• **Your goal**
Your output should be the lines from the one containing "Fortnite Doodle Art" through the end of the listing, exact and inclusive, with no pictures.

• **Collected data**

········

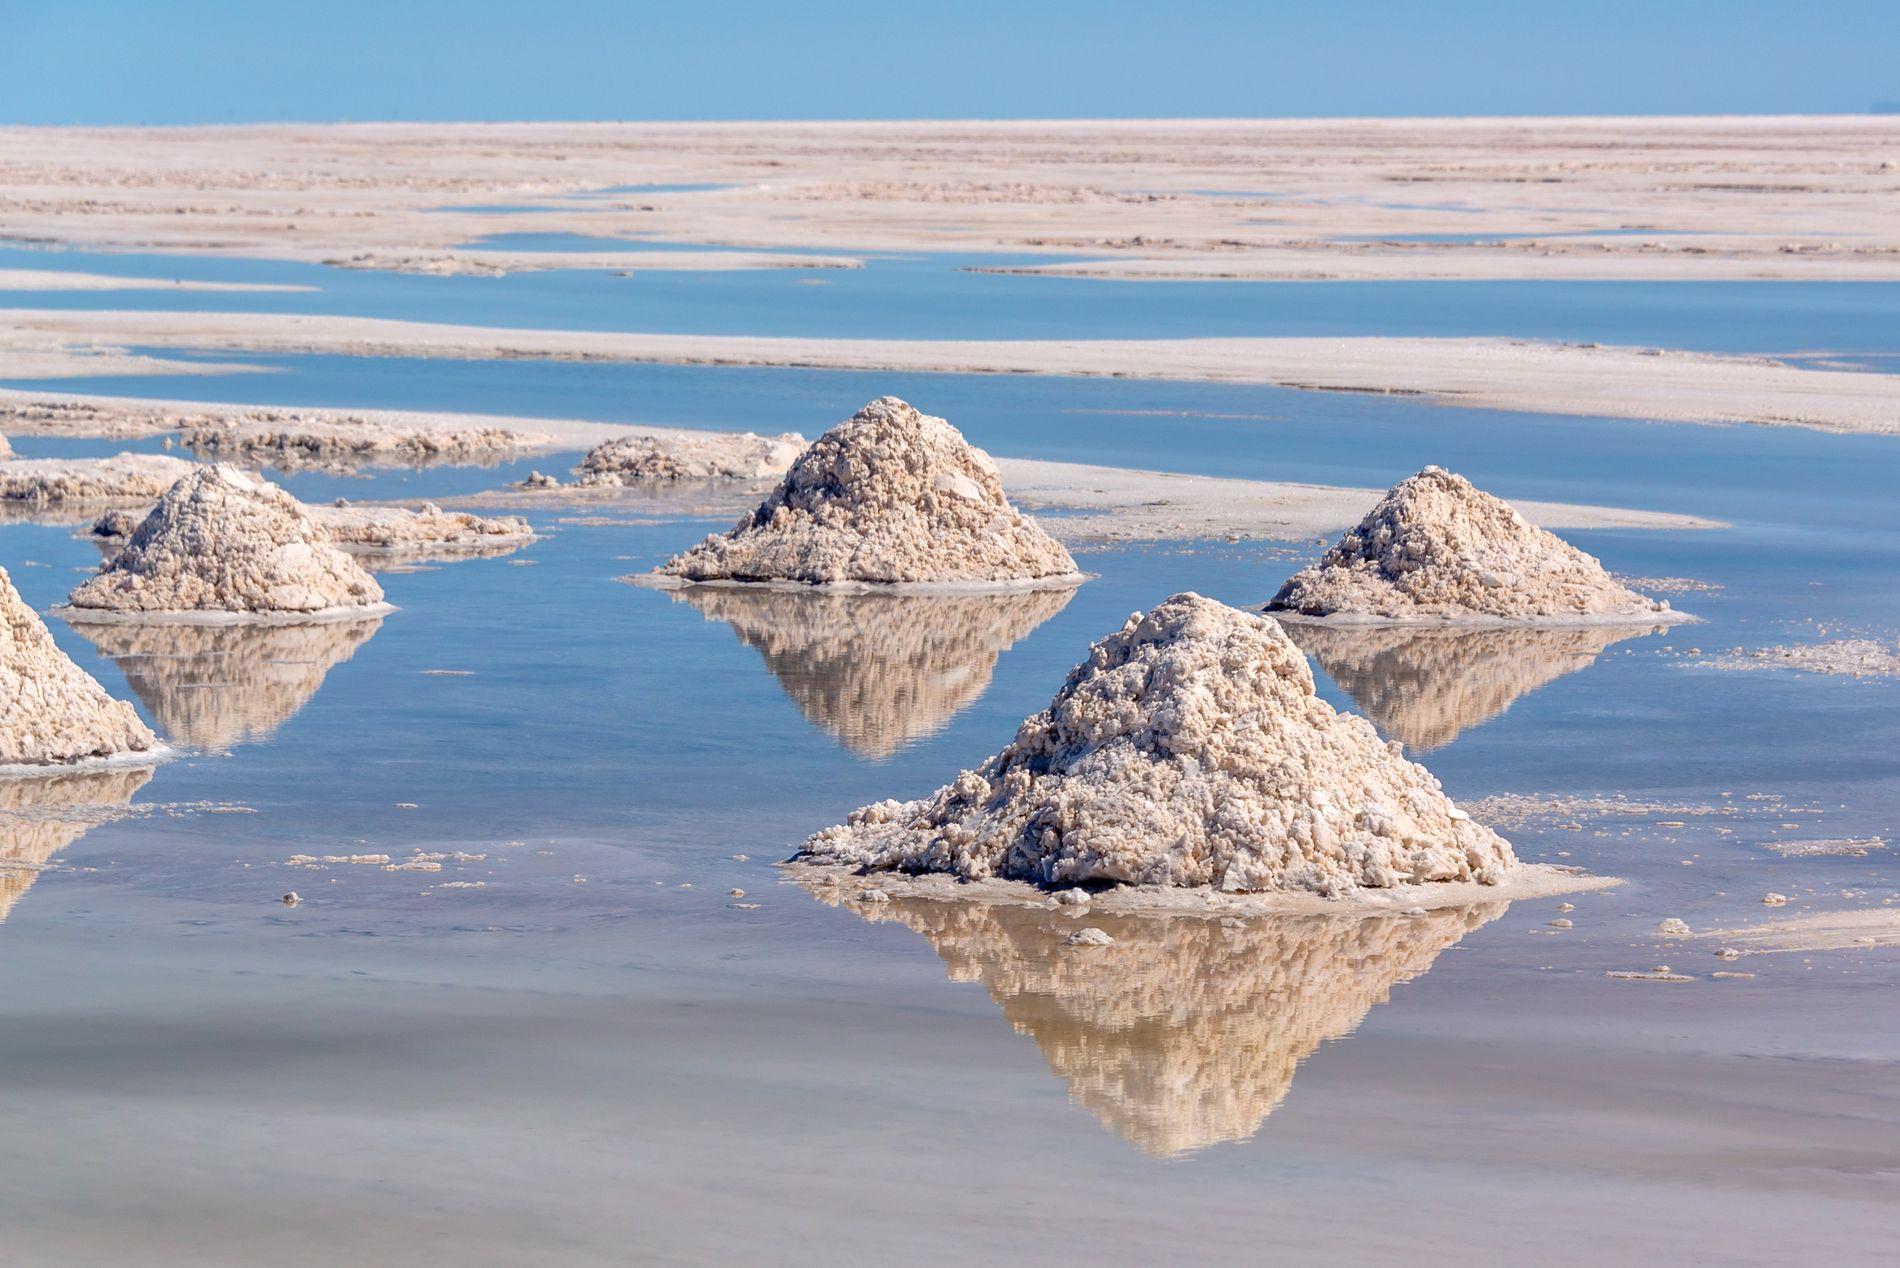 En Bolivie, le salar d'Uyuni est la plus grande réserve de lithium, qui permet notamment la ...
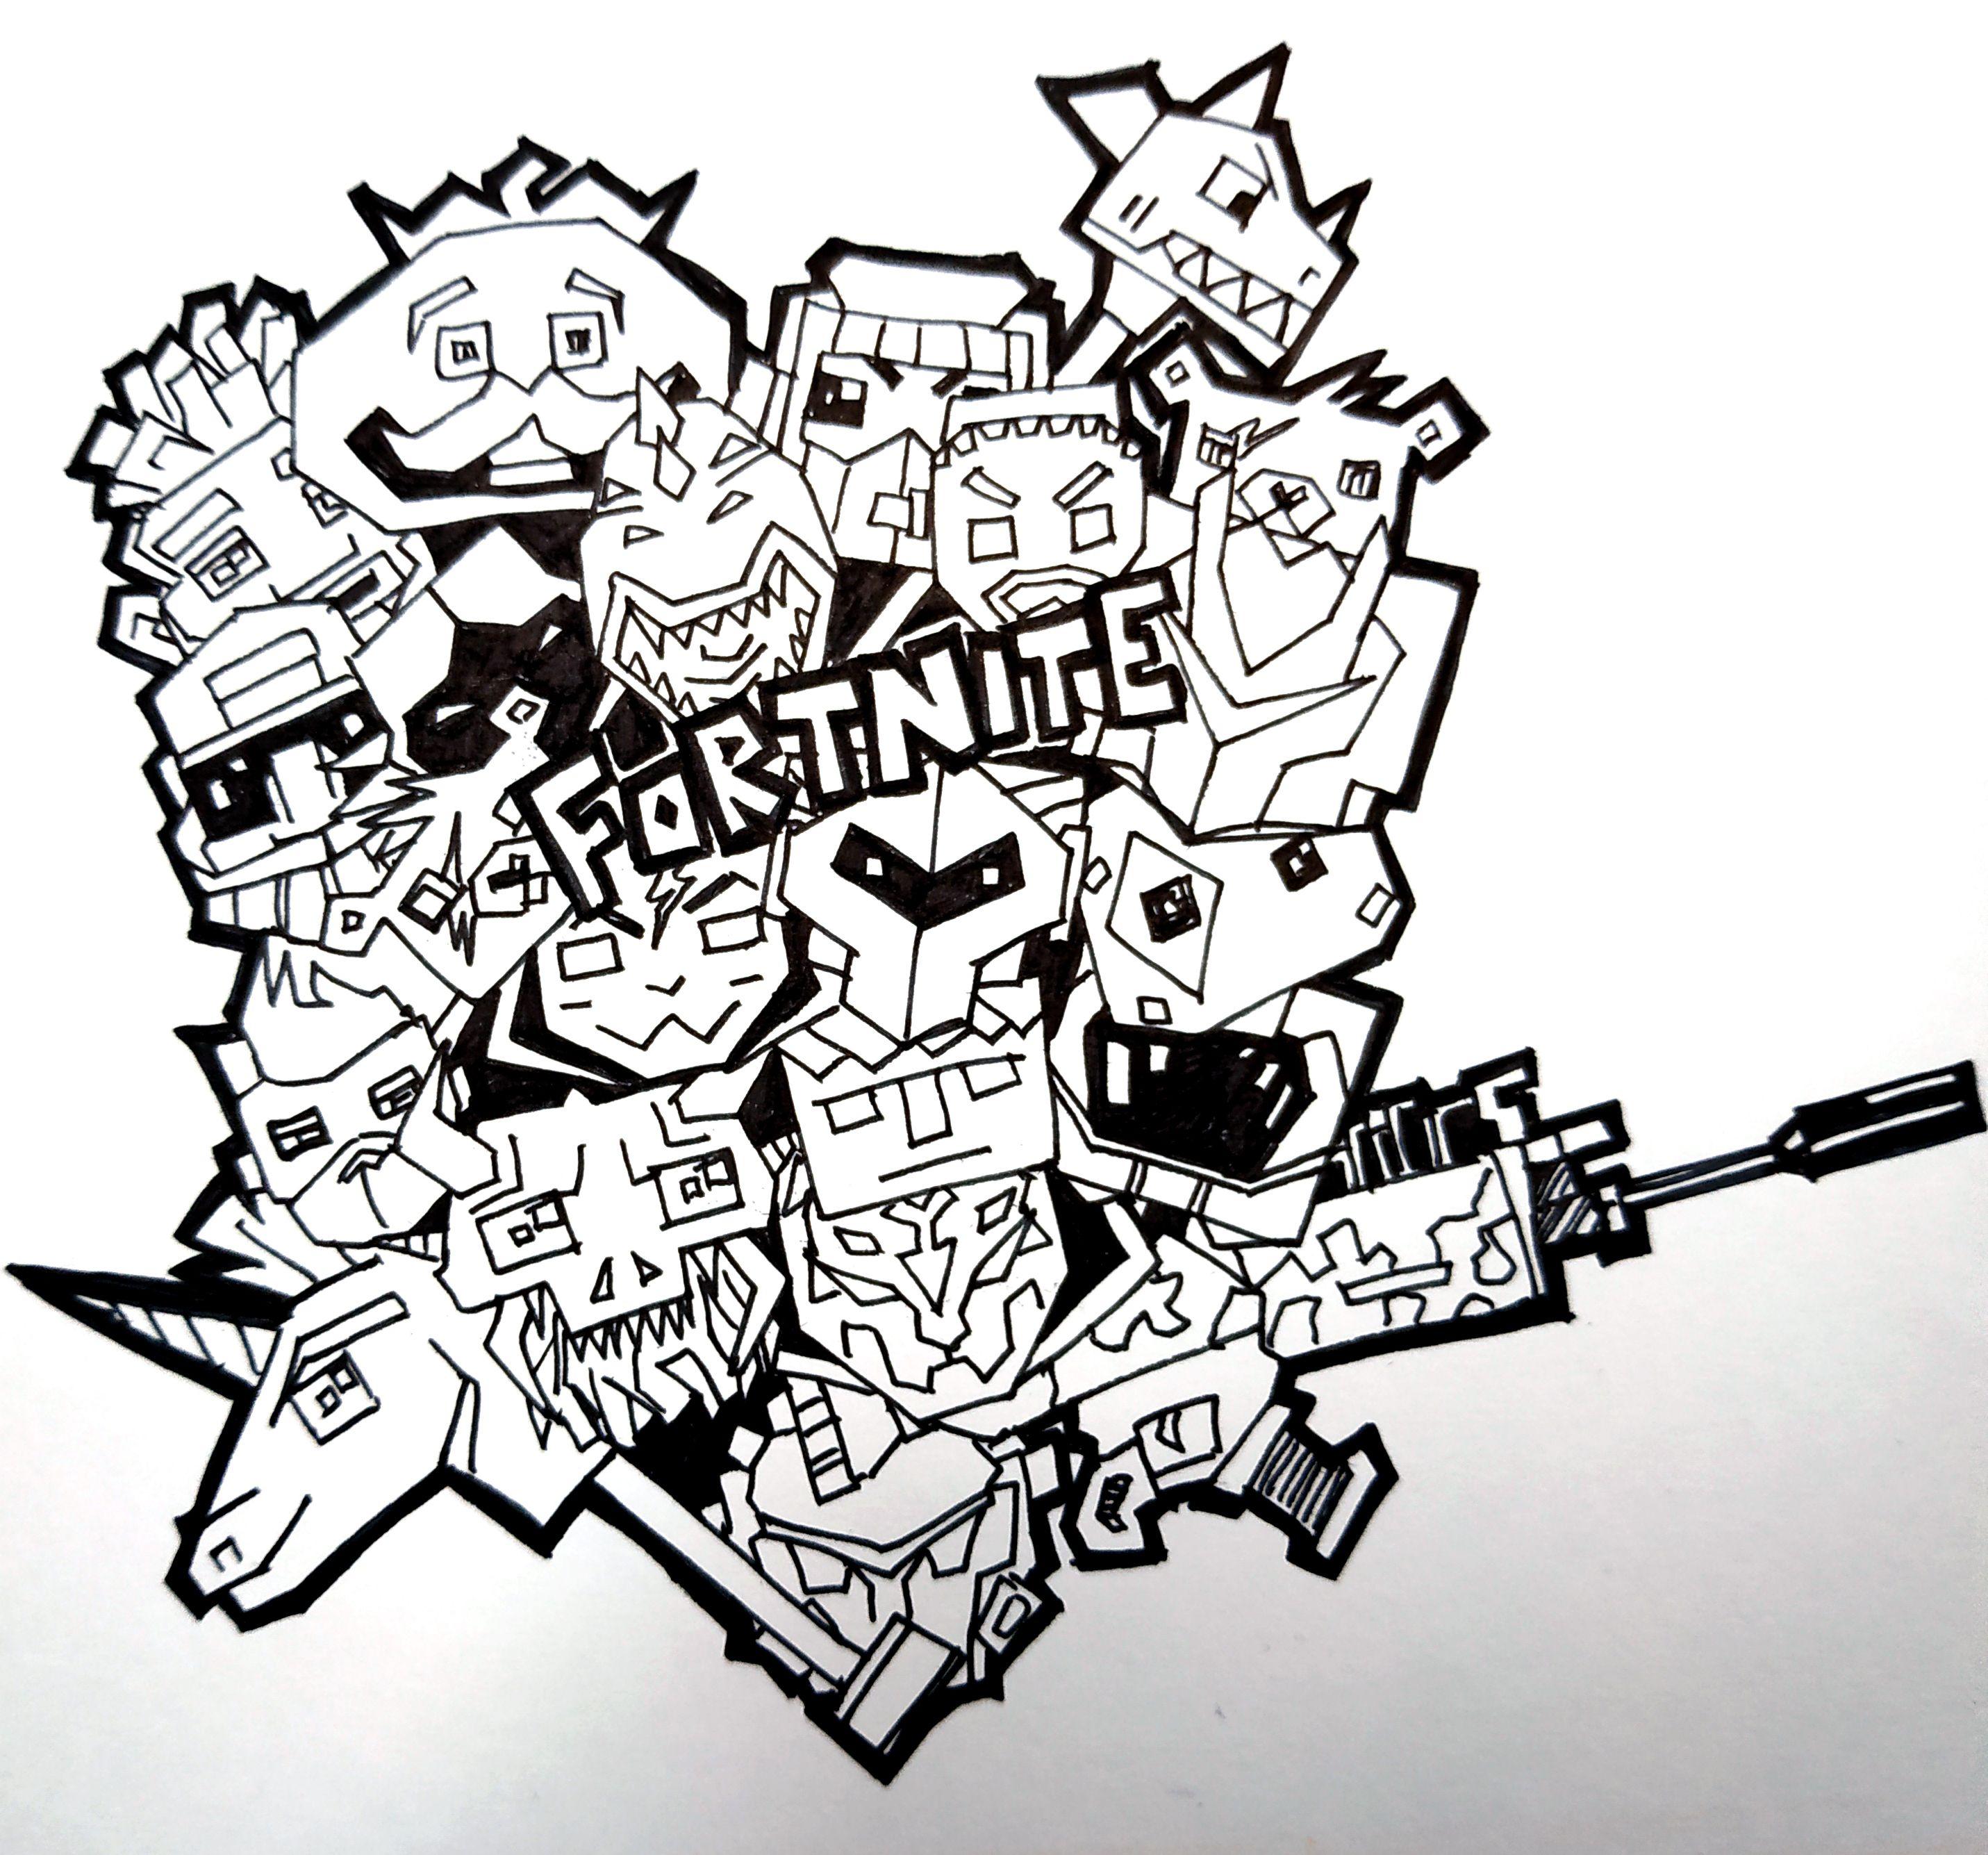 Fortnite Doodle Art Asmr Fortnite Doodleart Asmr Doodle Asmrdrawing Coloriage A Colorier Coloriage Gribouillages Artistiques
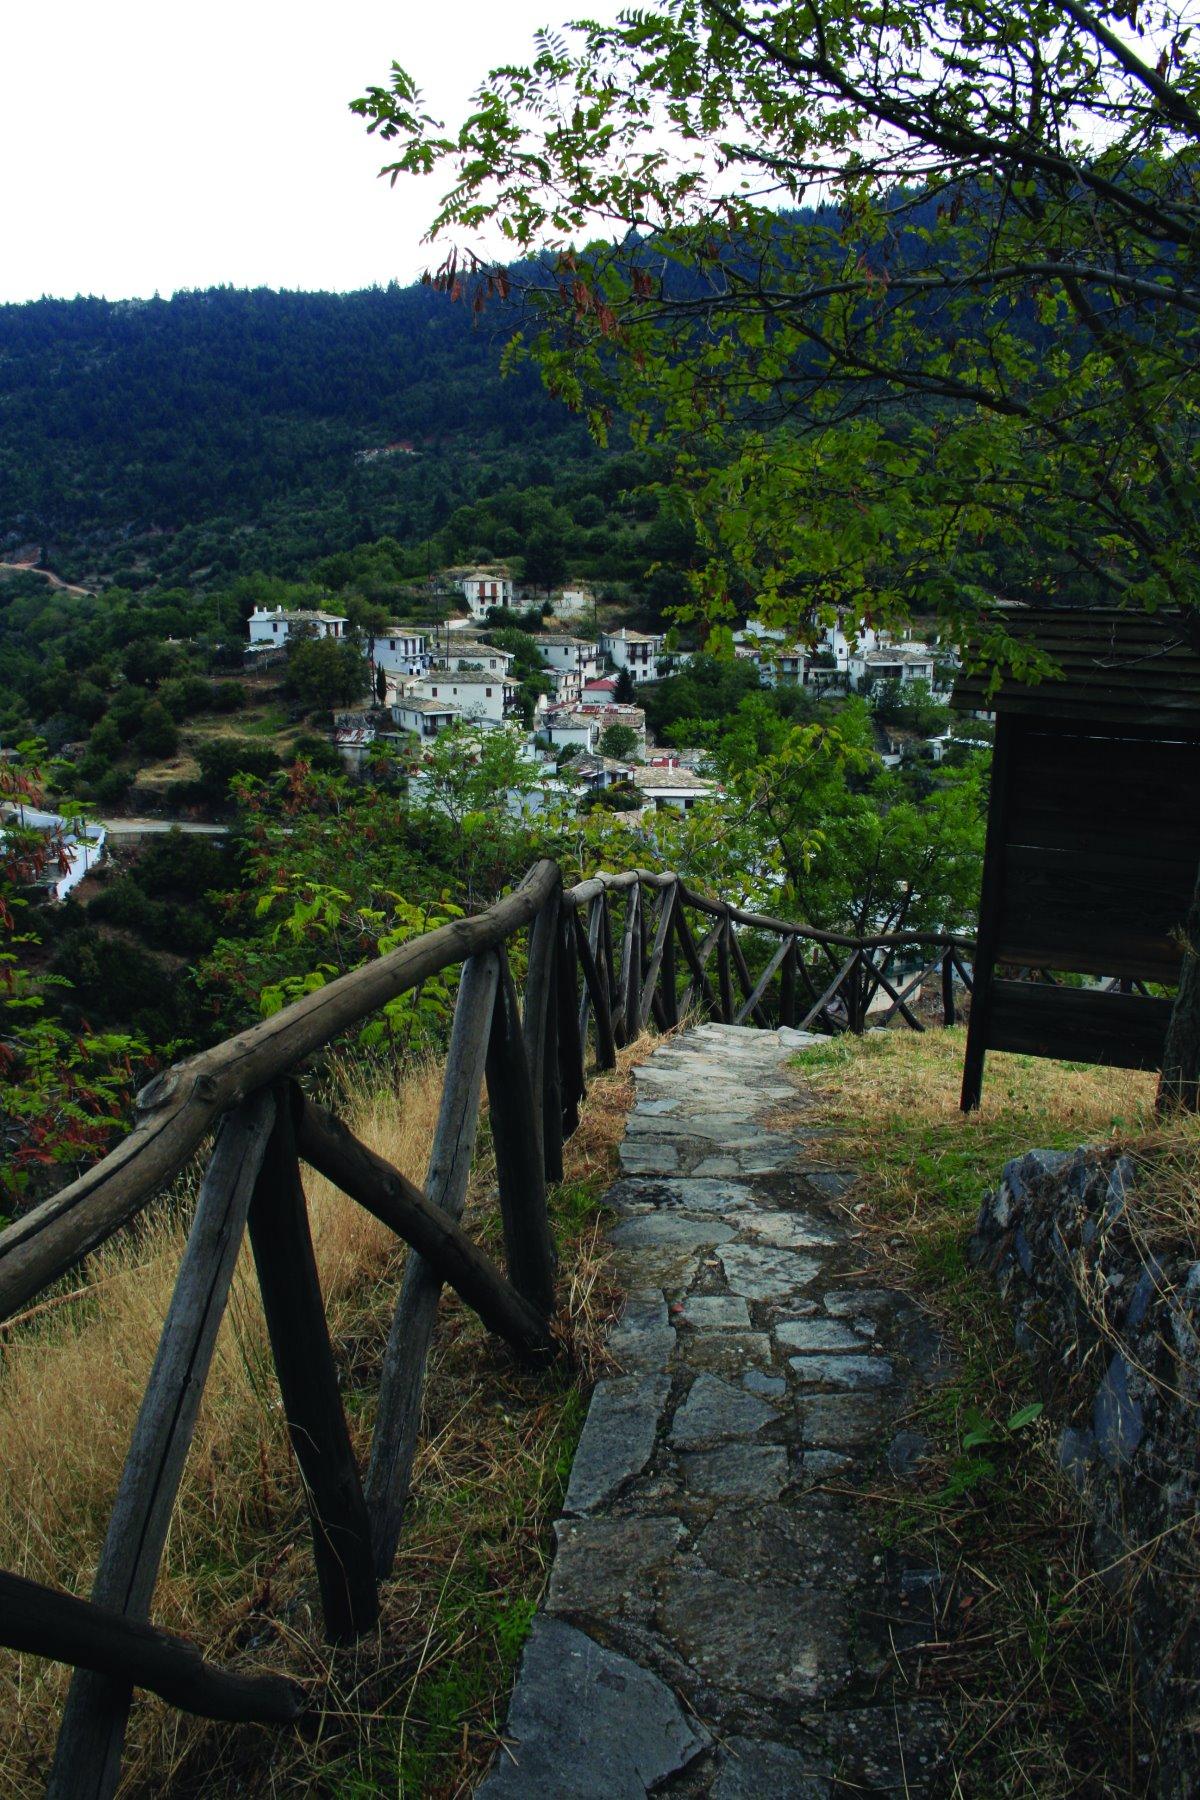 Η Καστάνιτσα περιβάλλεται από καταπράσινα τοπία και ορεινούς όγκους

········

• **Solution**
 Fortnite Doodle Art Asmr Fortnite Doodleart Asmr Doodle Asmrdrawing Coloriage A Colorier Coloriage Gribouillages Artistiques
 Η Καστάνιτσα περιβάλλεται από καταπράσινα τοπία και ορεινούς όγκους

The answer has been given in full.